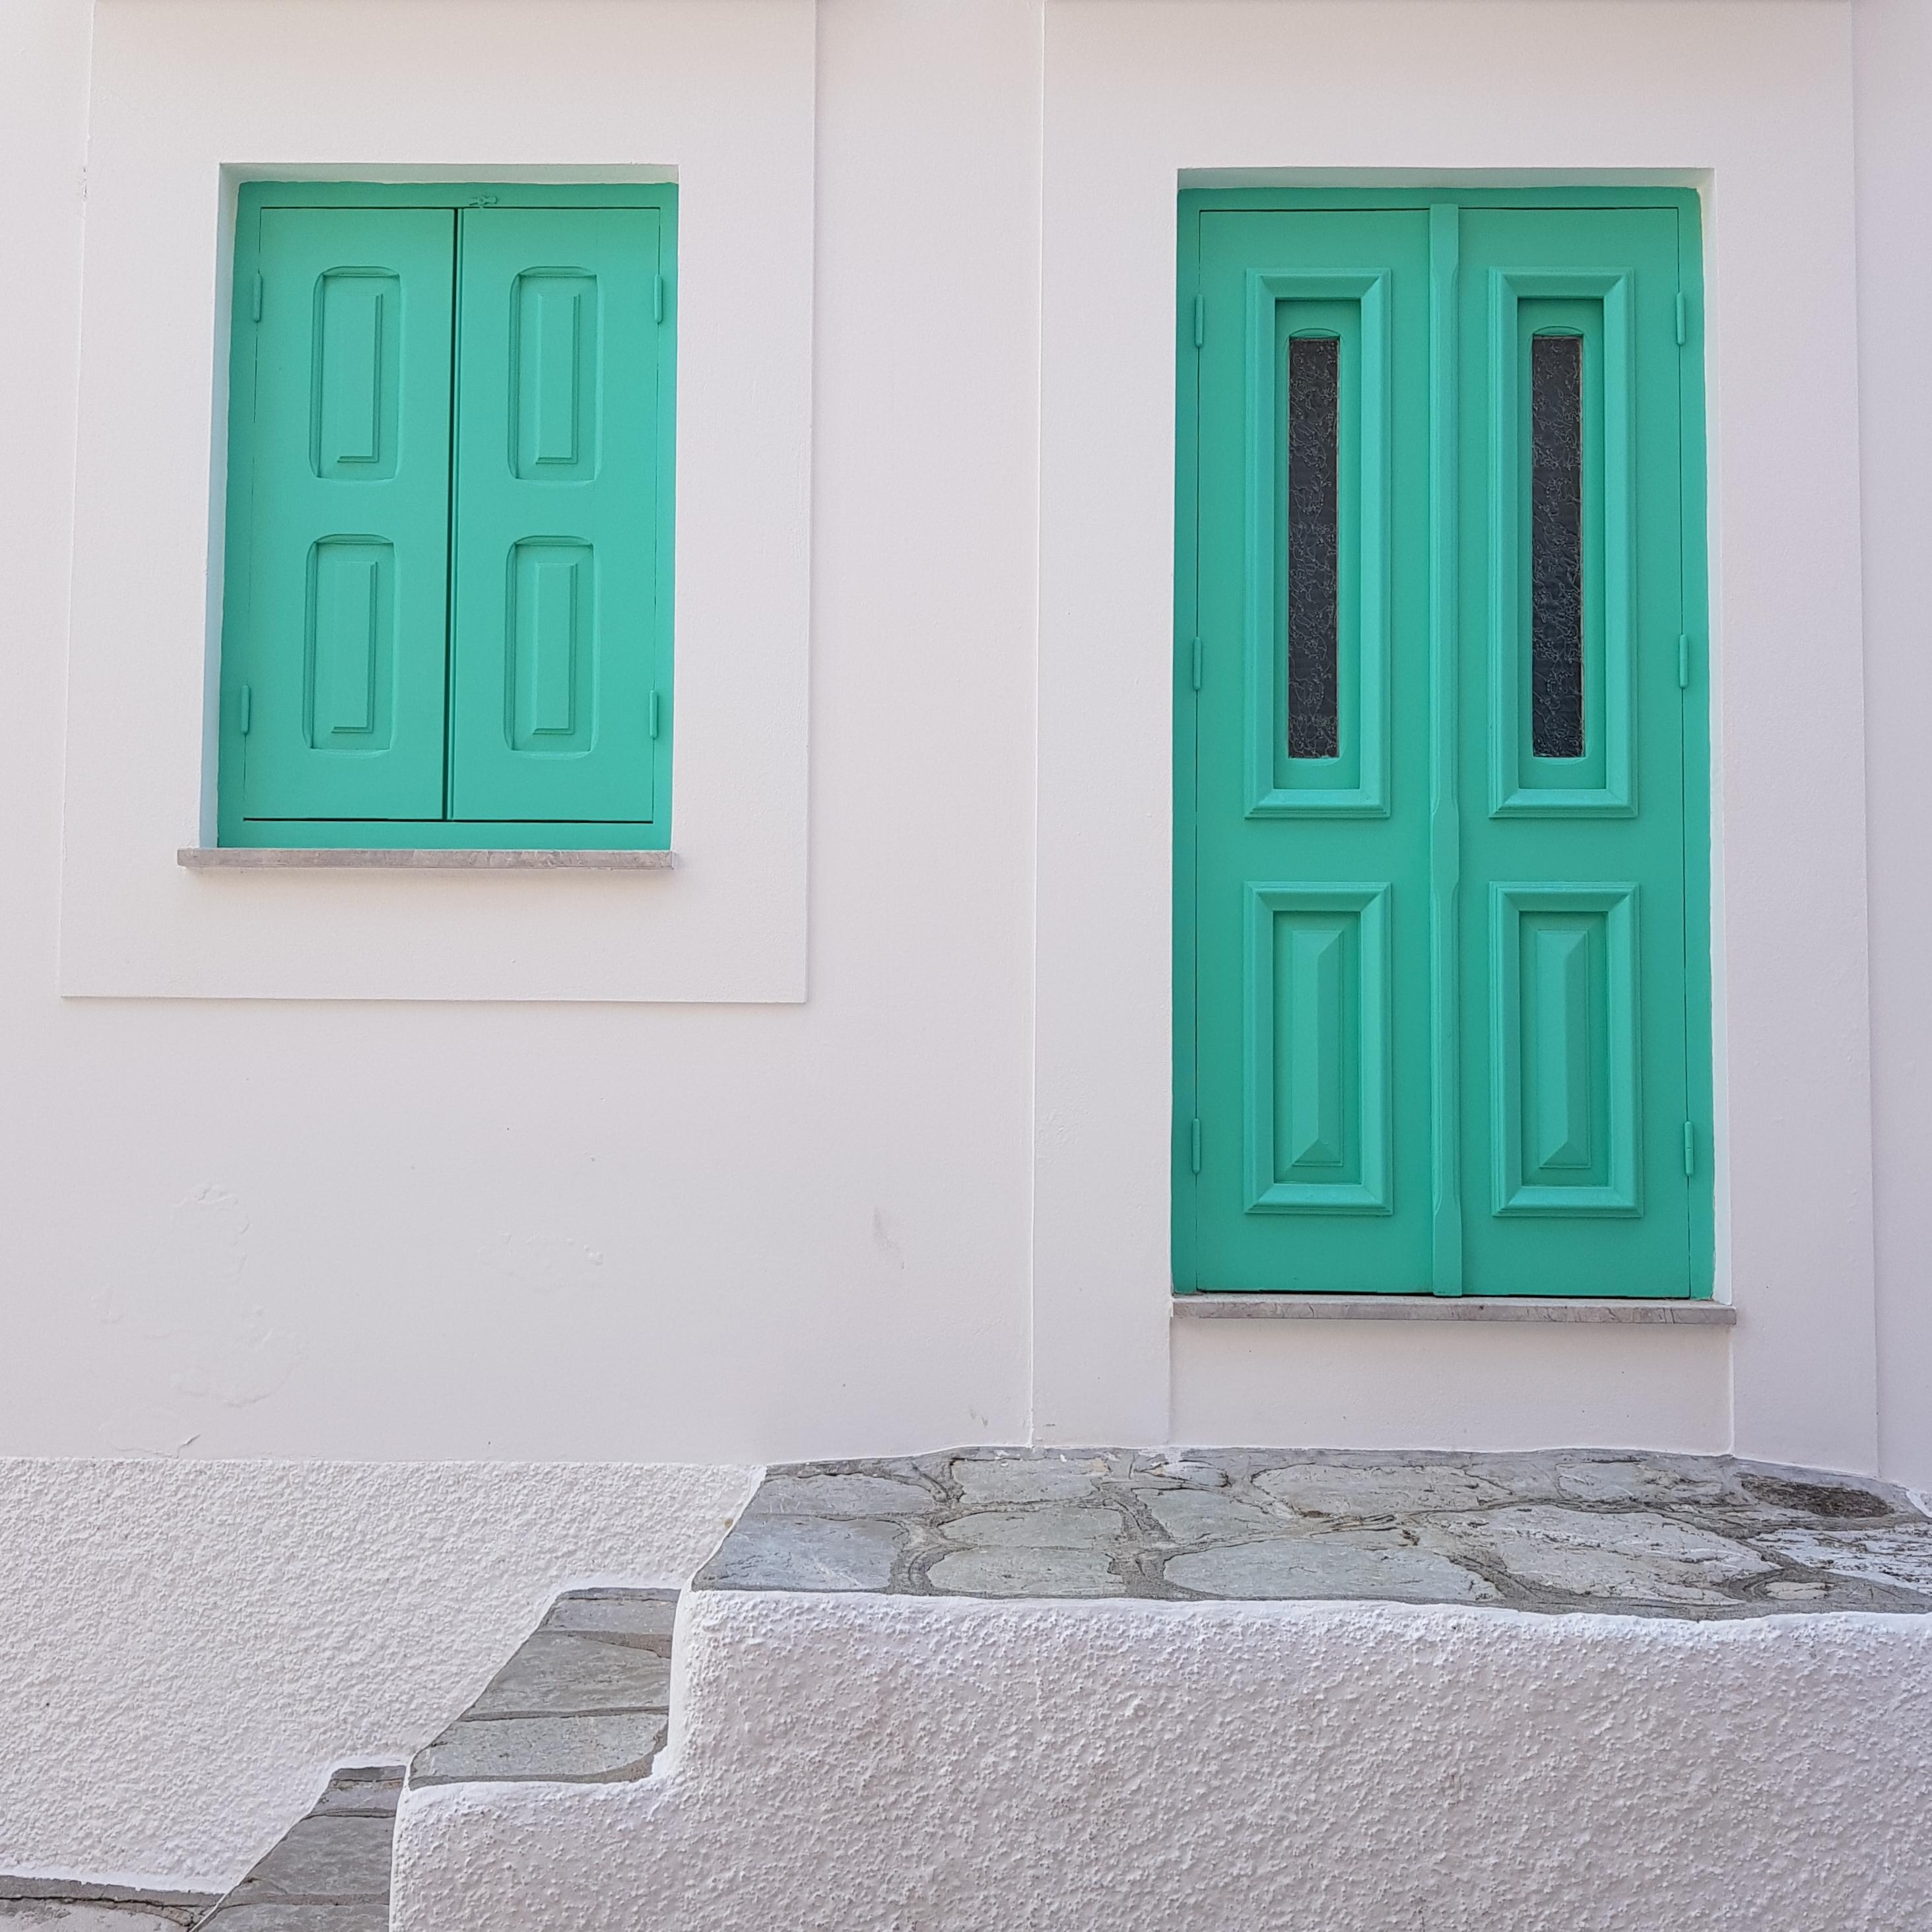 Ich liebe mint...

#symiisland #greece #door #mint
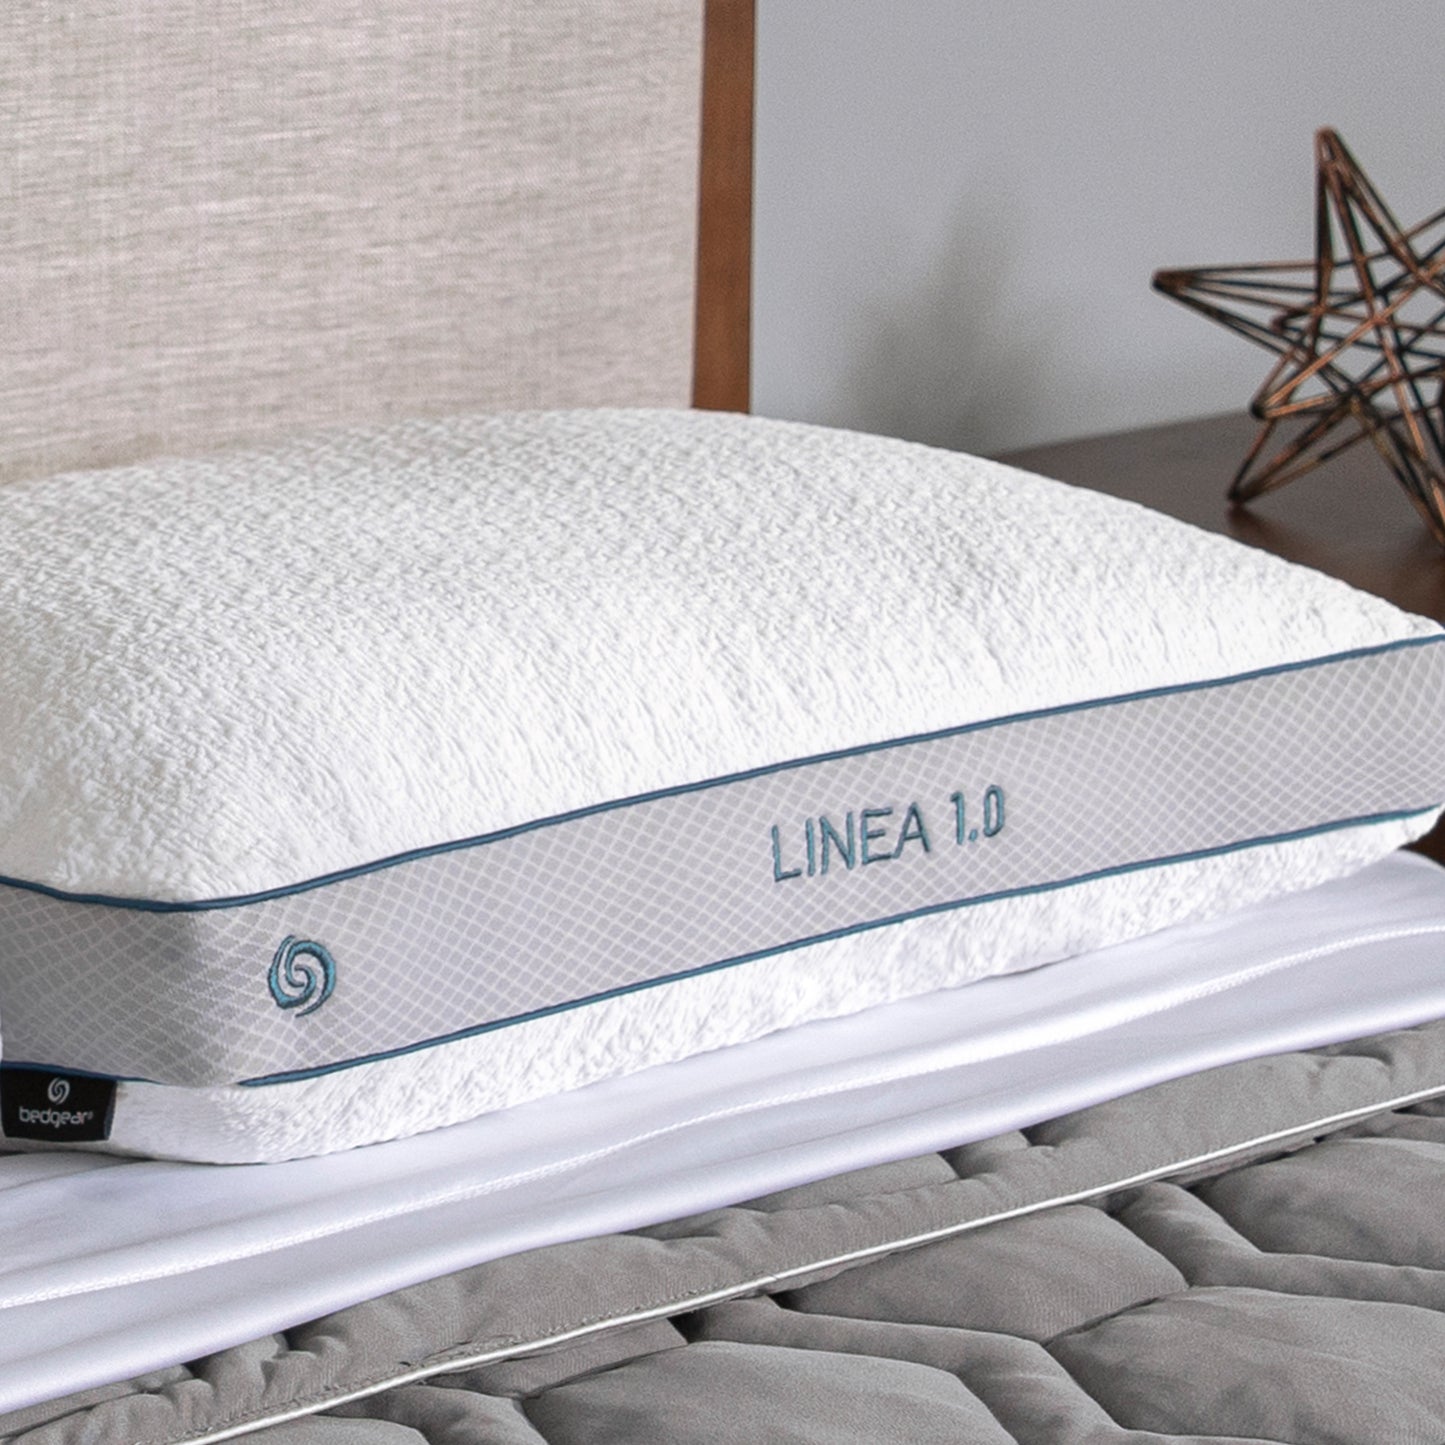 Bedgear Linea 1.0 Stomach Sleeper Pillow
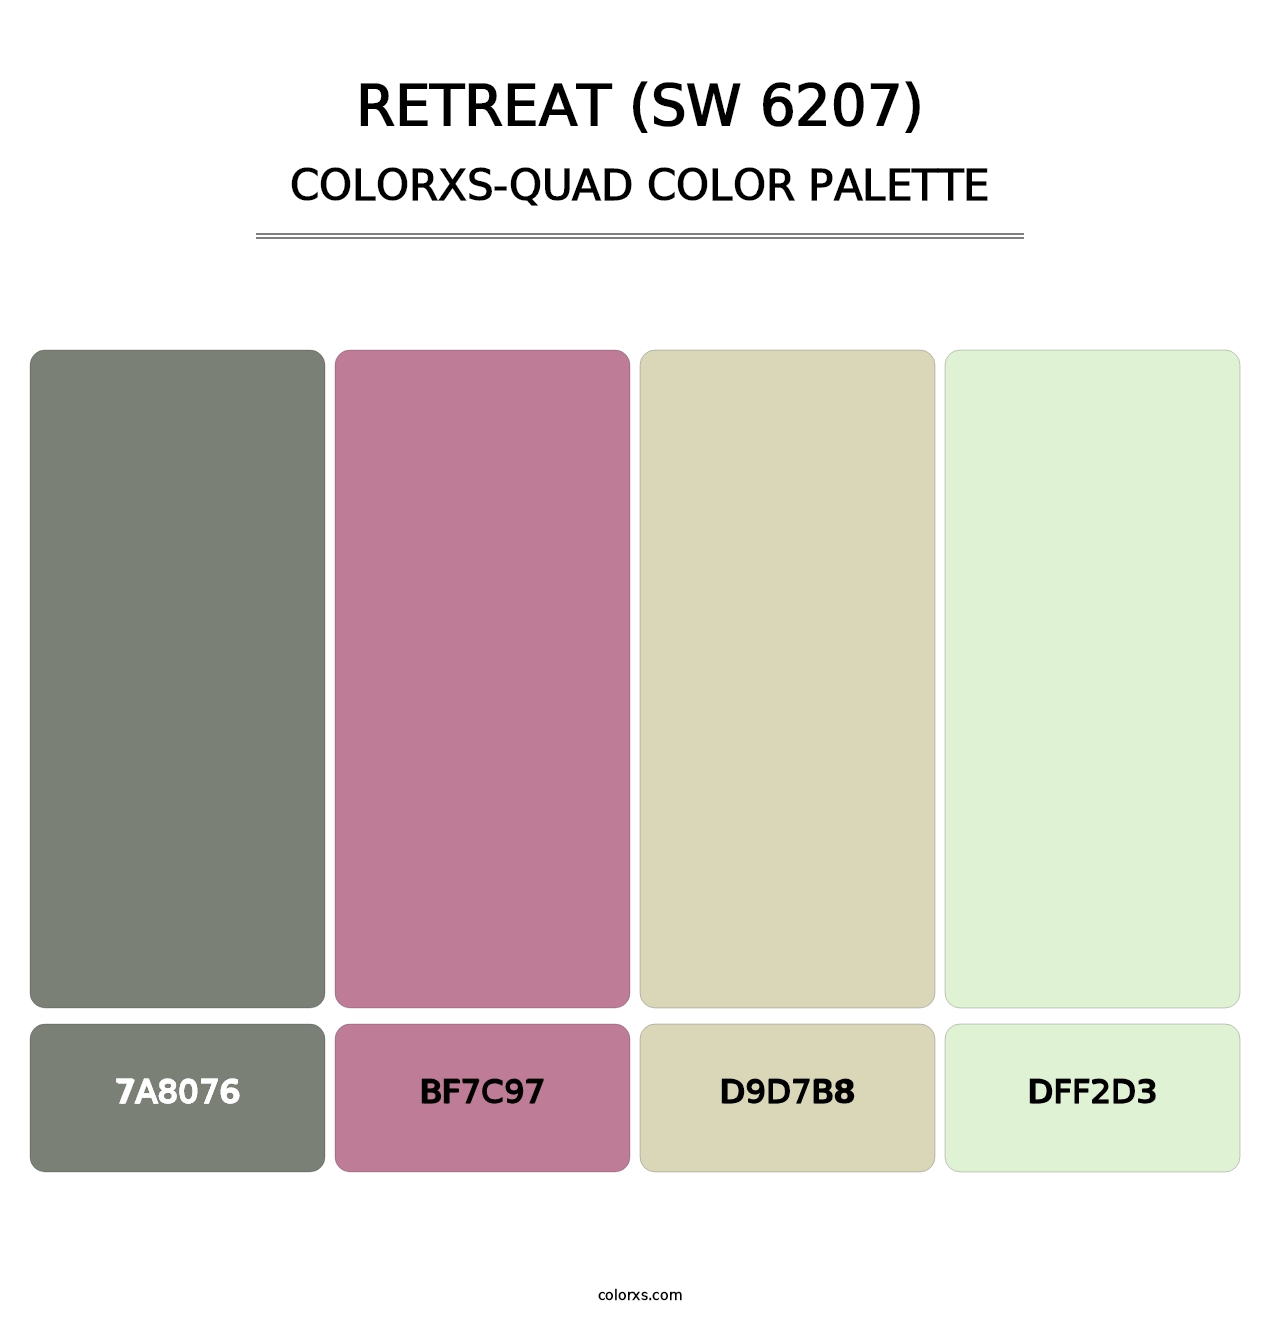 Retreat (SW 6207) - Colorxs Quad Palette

### Description of the task
Leave out the pictures and set down all of the data exactly.

### Output of the task
 Ich liebe mint...

#symiisland #greece #door #mint
 Bedgear Linea 1.0 Stomach Sleeper Pillow
 Retreat (SW 6207) - Colorxs Quad Palette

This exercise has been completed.